The solicitor looked at Tessa, who shook her head.

‘Robert Poole’s flat was interesting,’ continued Frieda. ‘I don’t mean your painting, which was hanging in Janet Ferris’s kitchen. We know about that. I mean that you weren’t clever enough about the evidence in his flat.’

‘What do you mean?’ said Karlsson, twisting his head to look at her. ‘There wasn’t any.’

‘That’s right,’ said Frieda. ‘They left everything relating to his victims, but there was no reference to Tessa at all. Pages had been torn out of Poole’s notebooks but the names of the victims were left there.
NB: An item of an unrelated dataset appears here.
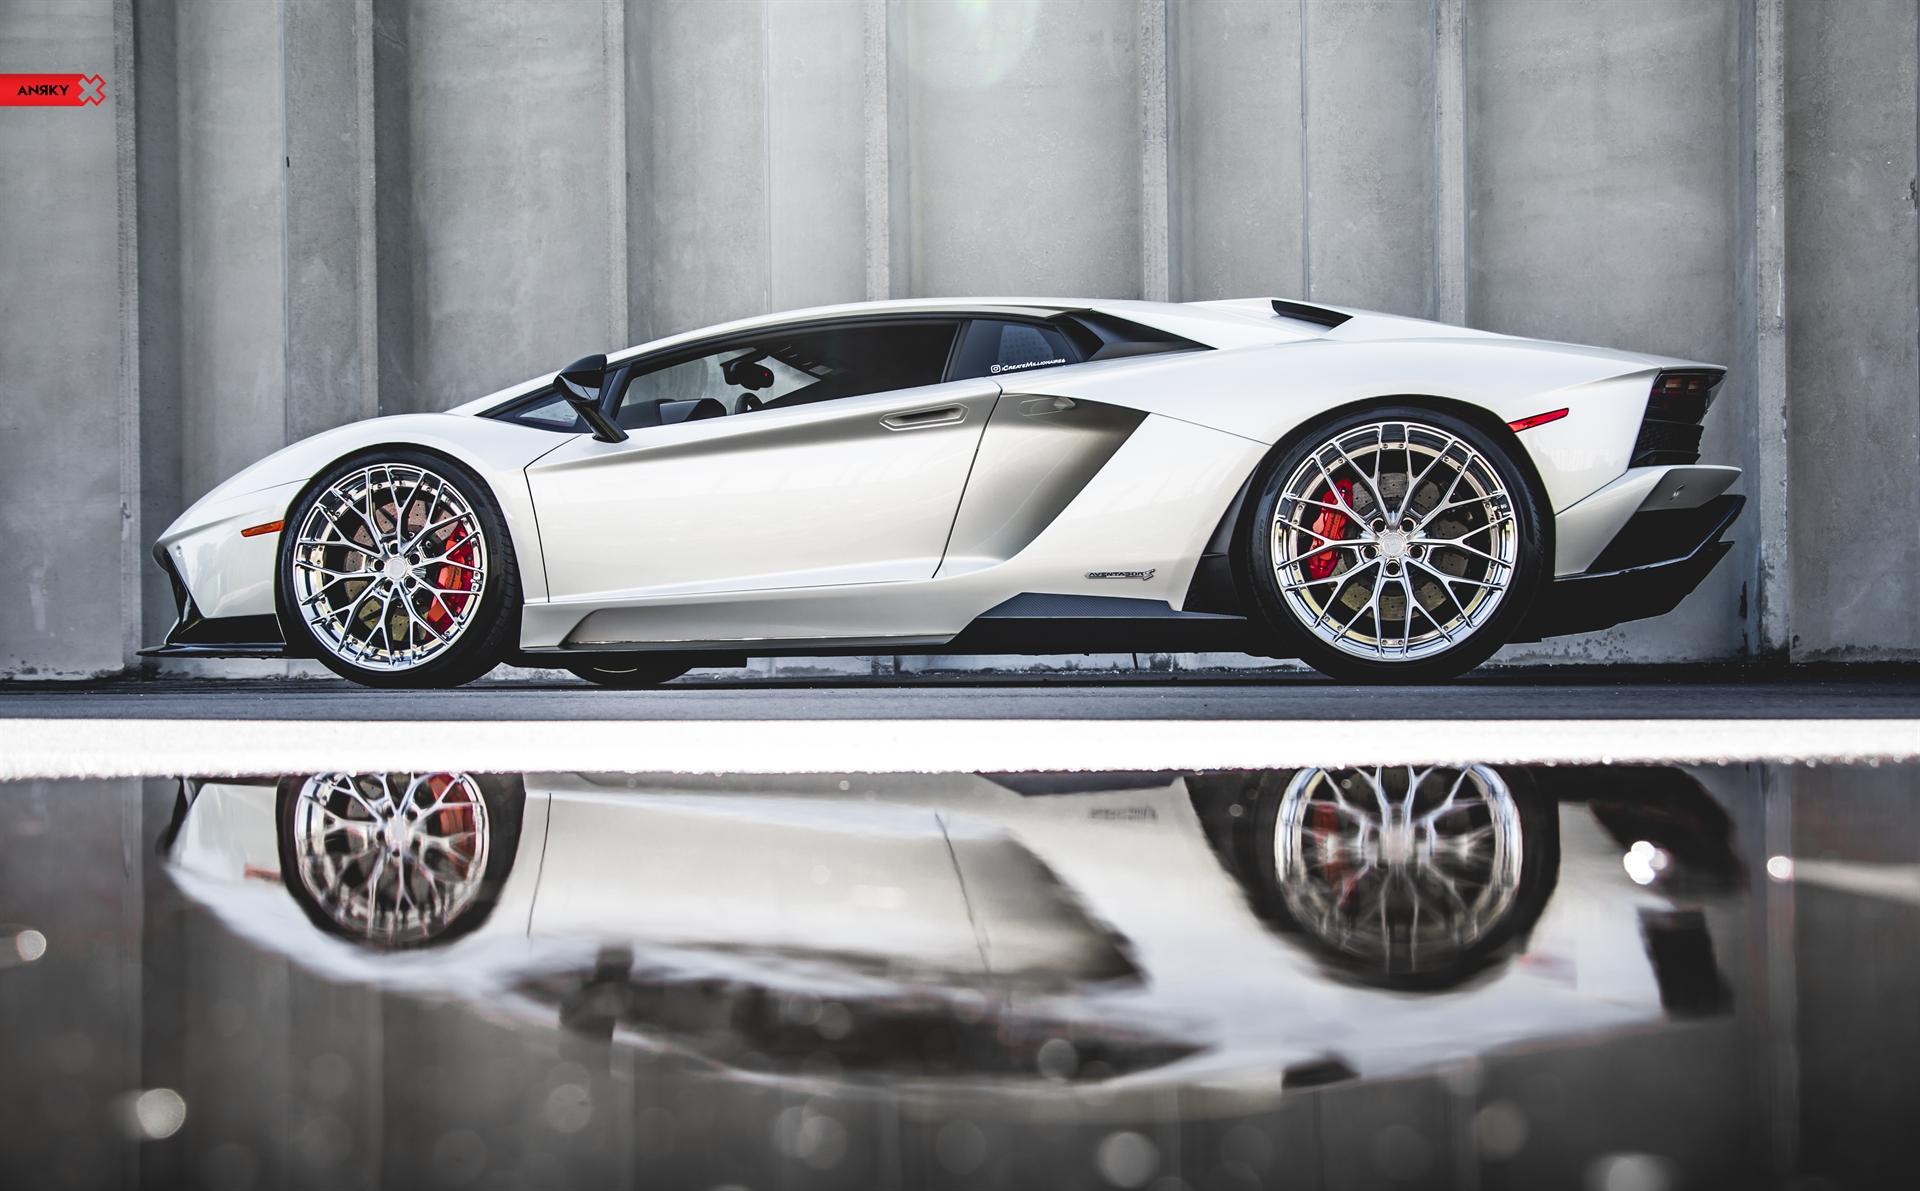 Lamborghini Aventador S – AN20 SeriesTWO
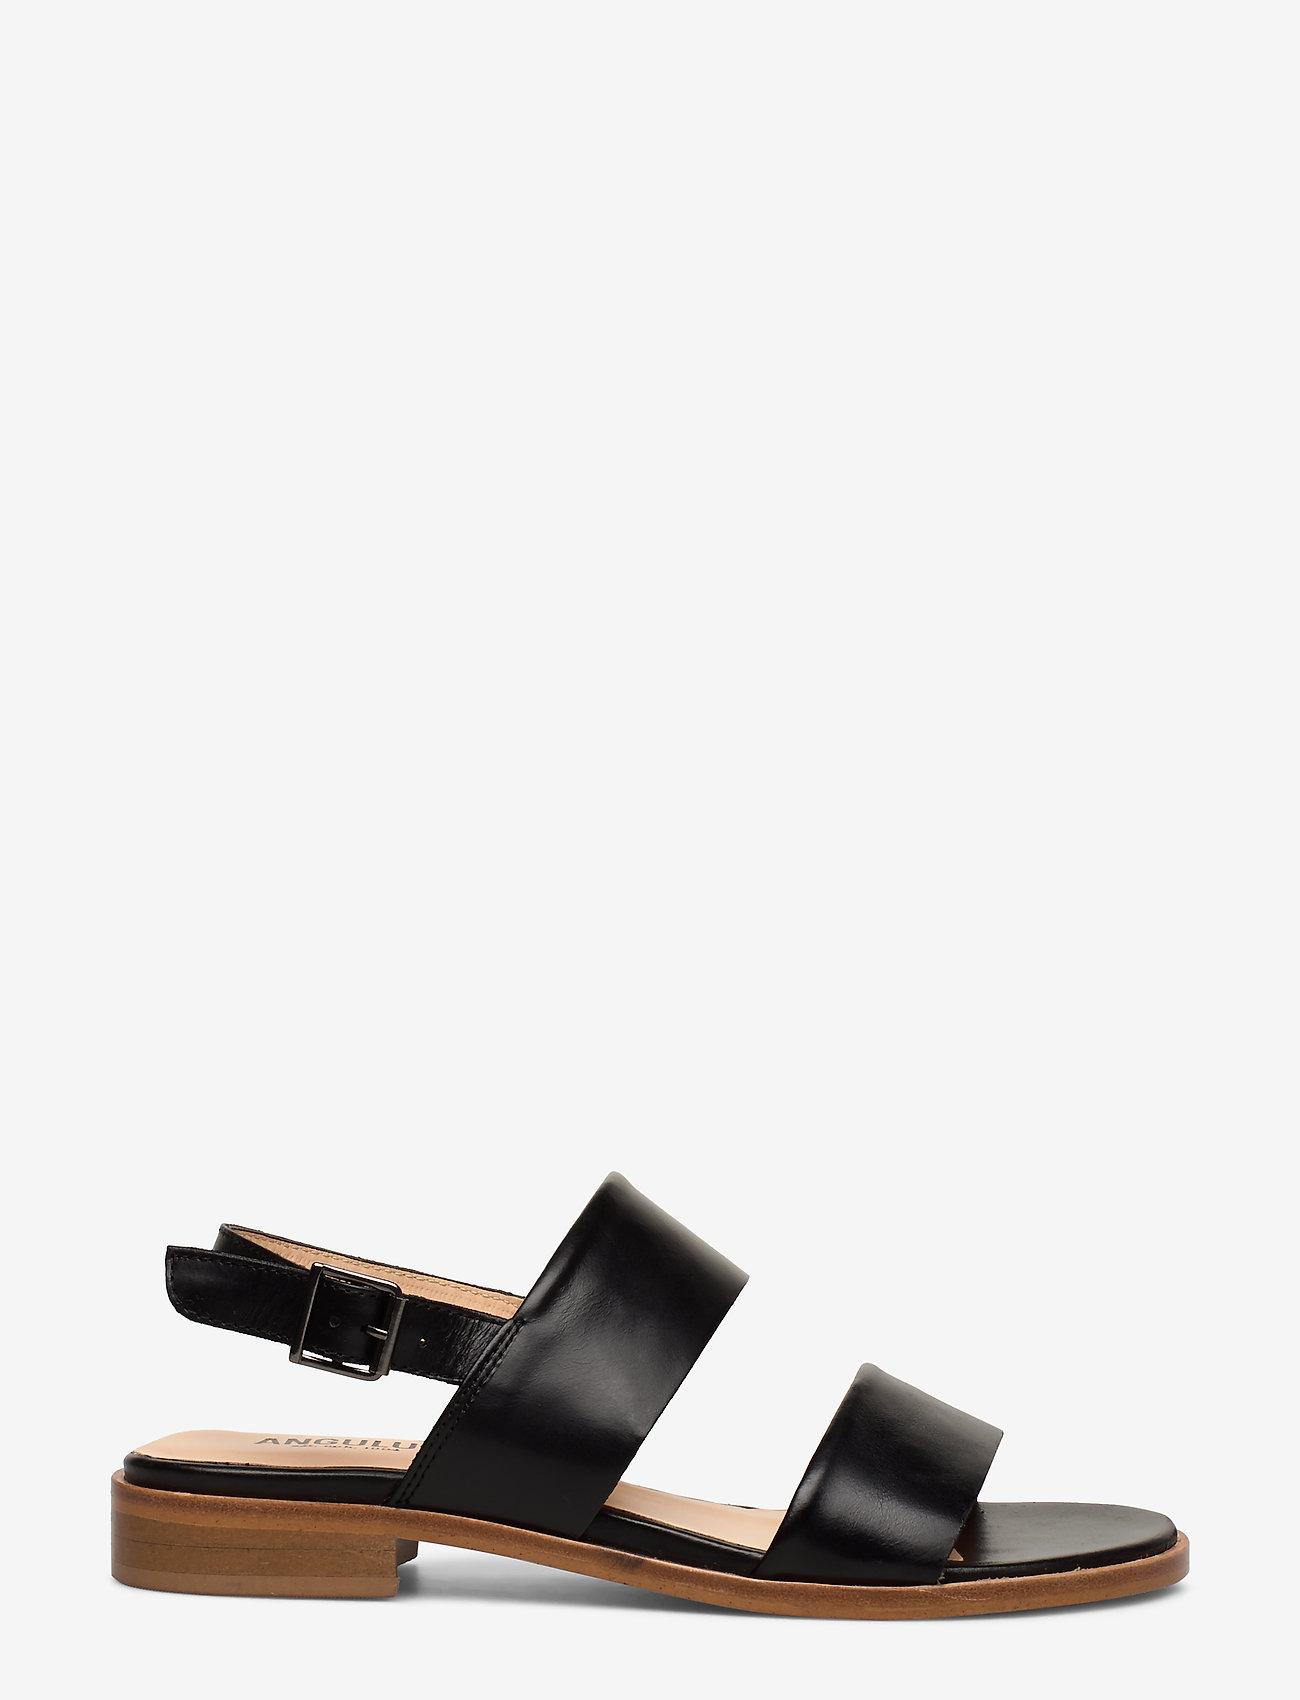 ANGULUS - Sandals - flat - platta sandaler - 1835 black - 1

Which suggested that the pages had been torn out by someone else.’

‘What it suggested to you is not evidence,’ said Tessa’s solicitor.

‘You killed Robert Poole,’ said Karlsson. ‘You killed Janet Ferris.’

‘The coroner’s verdict was suicide.’

‘You killed Janet Ferris,’ repeated Karlsson. ‘And you tried to kill Michelle Doyce because you thought she knew something.’

There was a faint flicker in Tessa’s face.

‘She didn’t.’ Frieda leaned forward once more. ‘Michelle Doyce was no threat to you. She had nothing to tell me; I just let you and Harry believe that, God forgive me.’

‘That’s enough for now,’ said her solicitor, standing up.

‘You would have killed her, just in case,’ Frieda continued quietly. ‘You and your brother. How does it feel?’

‘I don’t know what you’re talking about.’

‘How does it feel to find out what you’re capable of?’

‘Enough. My client has nothing further to say.’

‘You’re going to have to think about that, Tessa. Over the years.’

Harry Welles was wearing a thick grey pullover and black jeans. It was the first time that Frieda had seen him casually dressed: he had always been in a suit or a smart jacket, carefully groomed and impeccable. She considered him: many people would think him an attractive man. He had the self-conscious charm of one who is confident of getting his own way. Olivia positively cooed when she talked of him.

She took her seat in the corner and met his eyes. His solicitor was a woman, young, trim and pretty, who gestured with her hands whenever she spoke, and sometimes tapped her pink-tipped fingers on the table.

He had no comment about the torture of Robert Poole, no comment about his murder, nothing to say about the planted evidence and the dumping of the body, silence over Janet Ferris’s death.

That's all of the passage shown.